DATA TO USE START
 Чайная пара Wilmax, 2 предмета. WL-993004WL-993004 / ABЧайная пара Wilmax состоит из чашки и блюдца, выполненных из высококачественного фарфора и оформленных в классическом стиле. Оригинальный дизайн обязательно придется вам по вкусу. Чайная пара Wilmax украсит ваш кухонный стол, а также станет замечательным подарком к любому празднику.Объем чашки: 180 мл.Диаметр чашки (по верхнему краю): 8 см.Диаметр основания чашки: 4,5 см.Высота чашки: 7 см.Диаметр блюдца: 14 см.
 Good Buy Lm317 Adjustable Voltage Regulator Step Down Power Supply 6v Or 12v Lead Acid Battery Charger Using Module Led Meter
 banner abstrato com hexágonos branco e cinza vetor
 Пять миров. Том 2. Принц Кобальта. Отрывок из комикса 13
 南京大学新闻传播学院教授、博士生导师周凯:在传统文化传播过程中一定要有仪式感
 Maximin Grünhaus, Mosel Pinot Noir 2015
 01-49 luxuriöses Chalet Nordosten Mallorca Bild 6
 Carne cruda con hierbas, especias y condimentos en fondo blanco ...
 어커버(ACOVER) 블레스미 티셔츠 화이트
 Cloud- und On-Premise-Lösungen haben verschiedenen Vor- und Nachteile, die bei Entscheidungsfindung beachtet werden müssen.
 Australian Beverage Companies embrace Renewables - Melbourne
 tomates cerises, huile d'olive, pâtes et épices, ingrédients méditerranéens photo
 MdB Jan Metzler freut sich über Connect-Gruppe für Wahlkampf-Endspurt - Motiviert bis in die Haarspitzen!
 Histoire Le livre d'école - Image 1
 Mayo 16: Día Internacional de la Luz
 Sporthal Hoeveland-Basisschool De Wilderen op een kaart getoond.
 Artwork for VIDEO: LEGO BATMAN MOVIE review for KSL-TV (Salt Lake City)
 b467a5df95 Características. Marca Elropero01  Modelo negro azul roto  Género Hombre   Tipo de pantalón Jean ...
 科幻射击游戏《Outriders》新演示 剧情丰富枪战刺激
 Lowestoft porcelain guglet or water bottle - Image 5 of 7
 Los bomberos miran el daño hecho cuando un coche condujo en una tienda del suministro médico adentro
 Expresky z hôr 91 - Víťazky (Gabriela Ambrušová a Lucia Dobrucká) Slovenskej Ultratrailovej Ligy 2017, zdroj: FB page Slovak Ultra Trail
DATA TO USE END
:: THE PROBLEM ::
Only a number is wanted here: how many lines of the material hold the word "Image".

:: REPLY ::
2